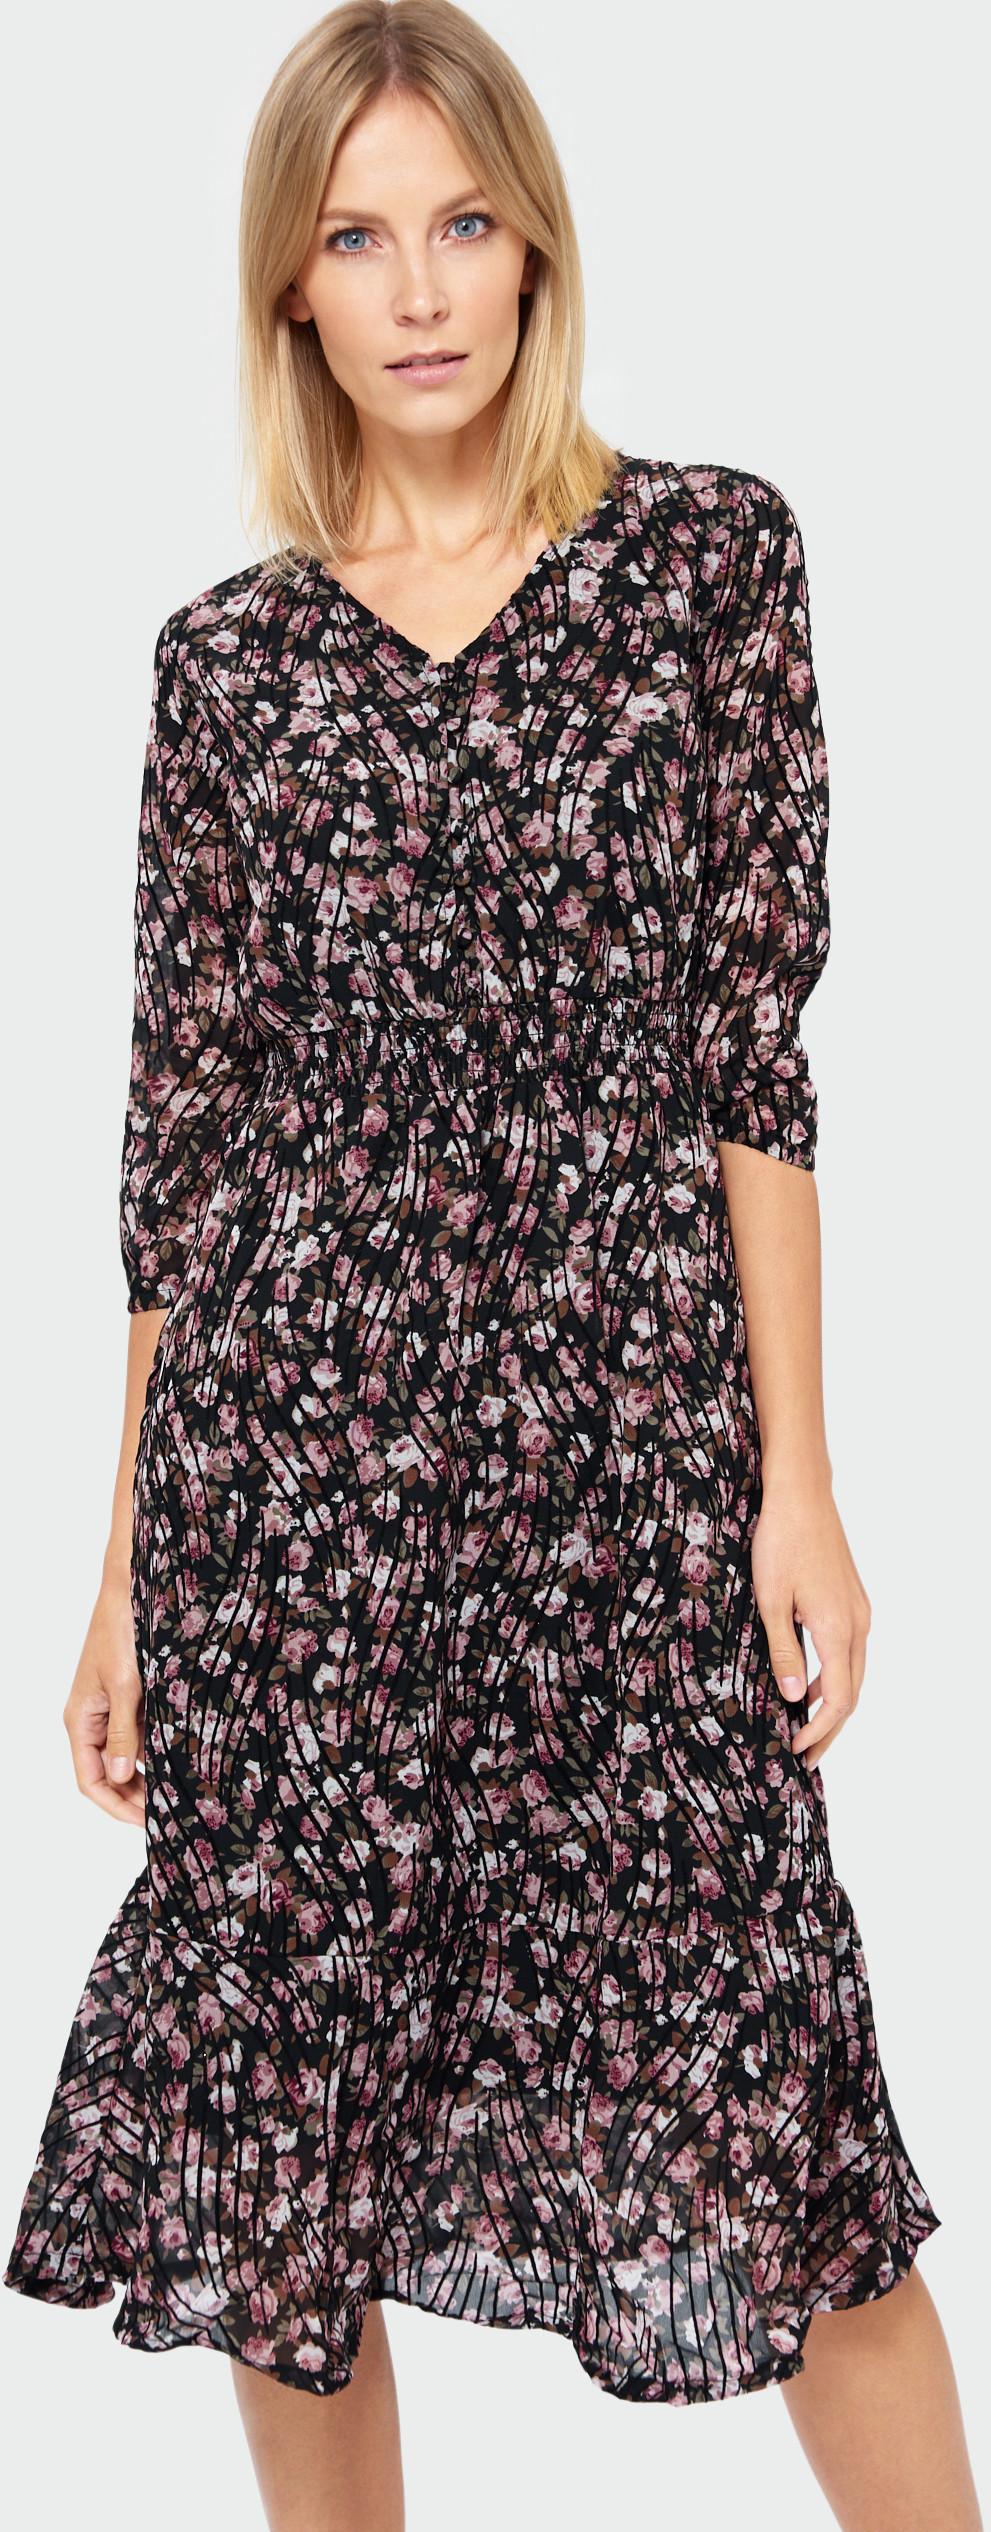 Elegancka sukienka z nadrukiem SUK569W19FLW43
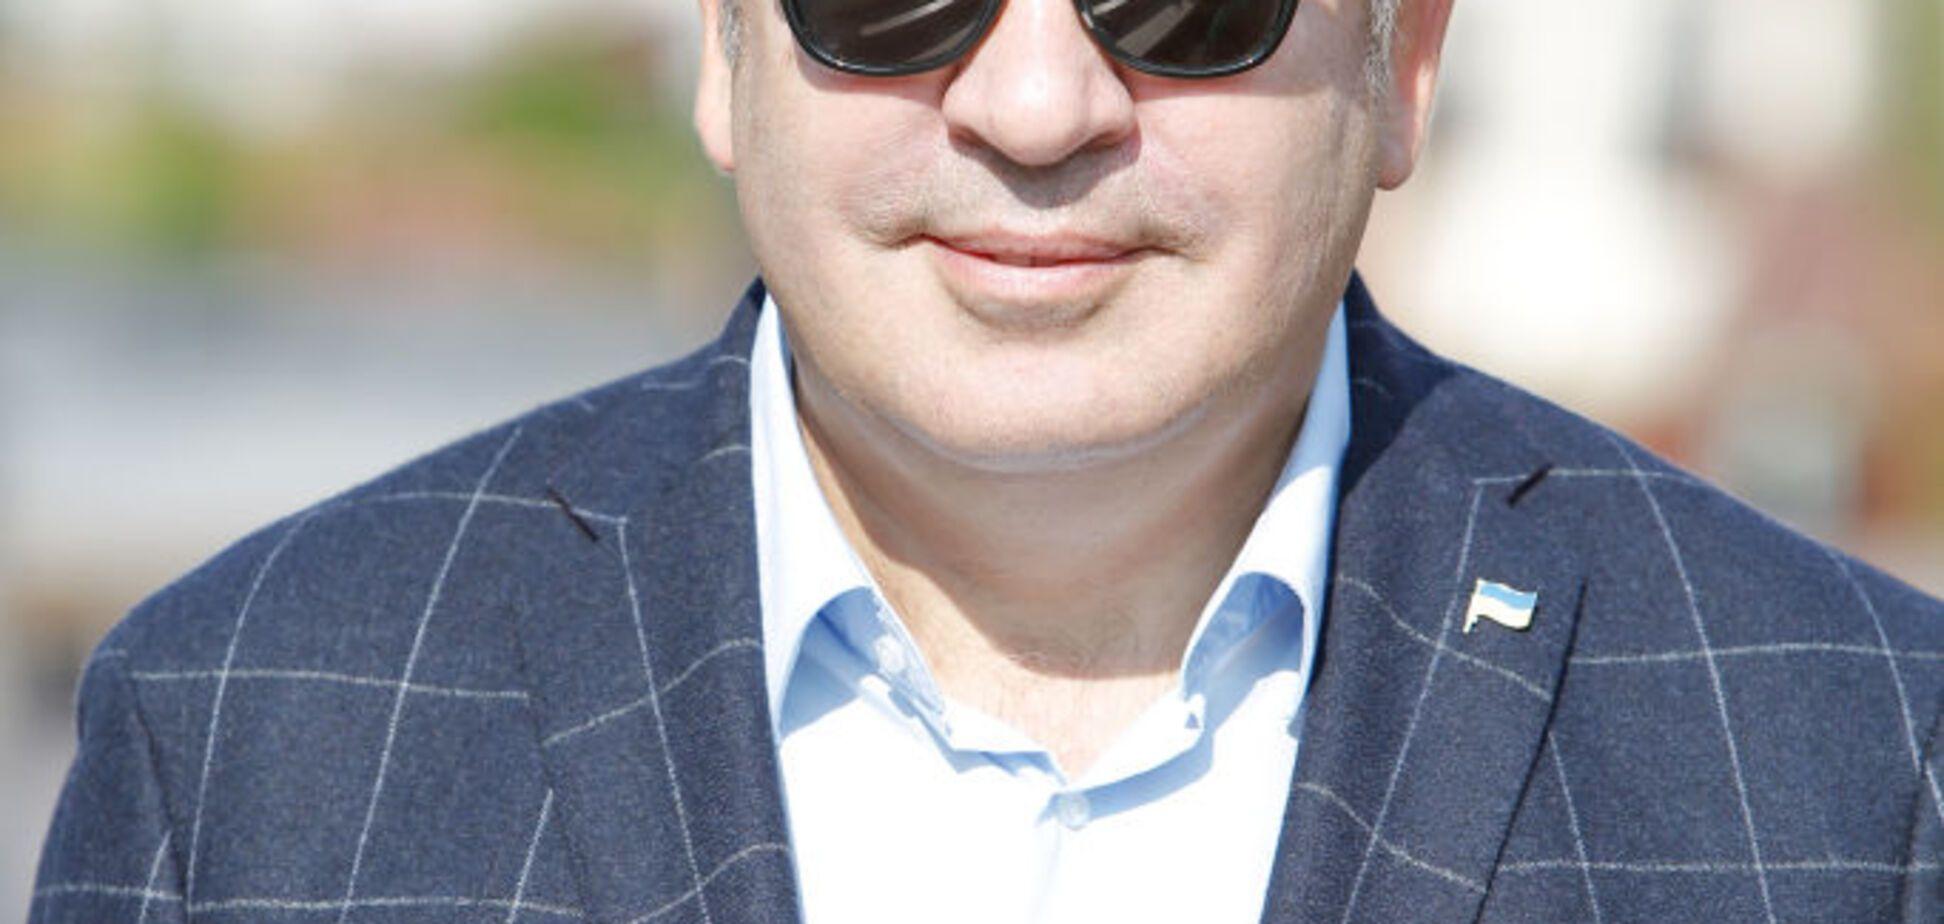 'Денег хватит': стало известно, сколько Саакашвили платит за проживание во Львове
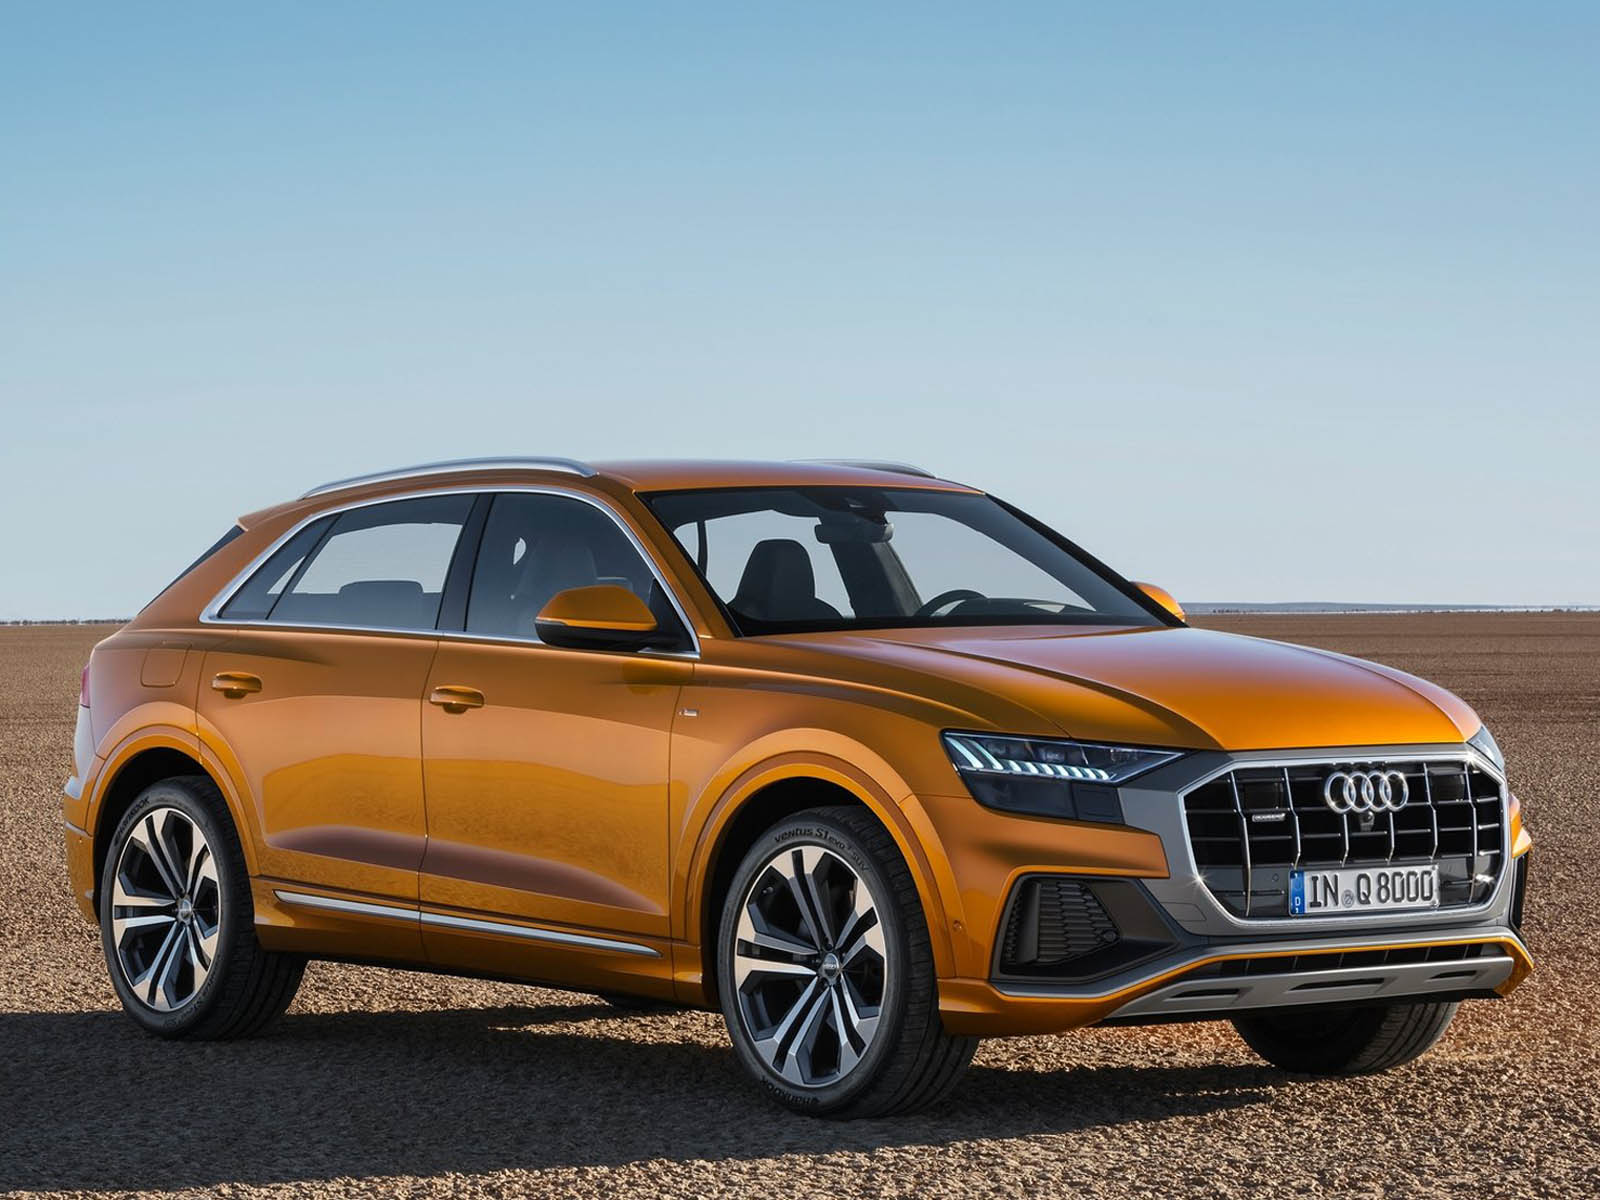 2018 Audi Q5 Hybrid: News, Powertrain, Arrival >> Audi Rs Q8 Could Get The Panamera S 670 Hp Hybrid Powertrain Car News
* * * *
Word for word, restate each line above, minus its pictures.

 Elegancka sukienka z nadrukiem SUK569W19FLW43
 'Денег хватит': стало известно, сколько Саакашвили платит за проживание во Львове
 2018 Audi Q5 Hybrid: News, Powertrain, Arrival >> Audi Rs Q8 Could Get The Panamera S 670 Hp Hybrid Powertrain Car News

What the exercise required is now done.